Surely NGOs are needed when tragedy strikes or when other institutions fail, but in-and-of-themselves, they
offer nothing in the way of reliably managing people and resources. In other words, they may be useful, even essential
during exceptional times, but offer little for normal times - and absolutely nothing in the way of a sustainable
Finally, at the very pinnacle
of the various attempts to help mankind is the new media/entertainment complex of celebrity. Oprah, Bono and a multitude of
others lend their influence to event after event to raise charitable funds. Almost without exception, they are universally
praised, much publicized, and highly successful (at fundraising). But aside from their promise, two aspects of this
phenomenon are universally ignored: where the money comes from, and where the money goes. Whether the event ultimately
had a positive or negative outcome, or any effect at all, is never considered. The promise is everything – but both
cost and results are simply not an issue. Yet these events are celebrated with all the enthusiasm that surrounds every
other promise of a whole new world.
So what are we left with? Four or
five choices, a mix and match of institutions and beliefs which dominate our lives and to which we look for answers to our
problems. All are inherently flawed and ultimately unreliable. Sometimes they work in unison; at other times they seem diametrically
opposed. Many of us commit ourselves to one or the other (those of us who have a choice), convinced that we must, unaware
(apparently) that there is, and always has been another, better, option.

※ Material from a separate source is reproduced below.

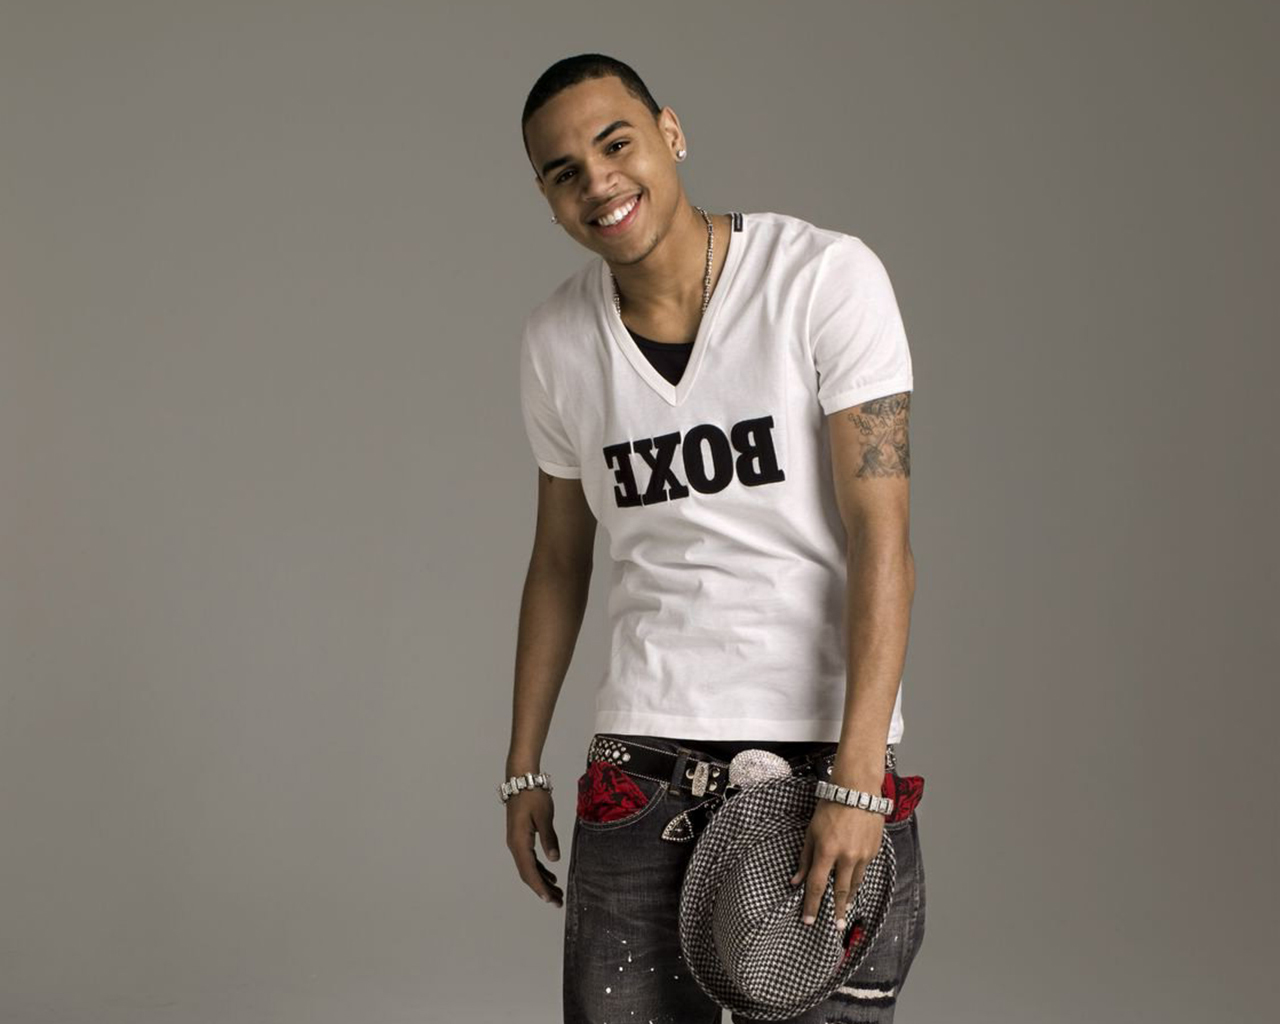 Chris Brown Wallpaper Rap Singer HD Image X Music Album

To fully understand that option, we must return to those original five issues, the things that
have been common to humankind throughout history - and still drive our behavior today. The things which no one should do without
and which, in fact, no one needs anything other than4: a fine home, a good diet, a safe and secure environment,
a loving family, and a community rich in culture. Think, for a moment, about them. They are the essence and focus
of life, whether one is in survival mode, or on the path to success.
:: :: ::
1) While food, shelter, sex and security are themselves aspects of culture, it is used here to refer to the artistic, societal
and institutional aspects.
2) Myopia is nearsightedness; Hyperopia, farsightedness. Acentropia: ©2008 - The Sequitorian
3) Non-governmental (non-profit) organizations.
4) This does not preclude spiritual needs.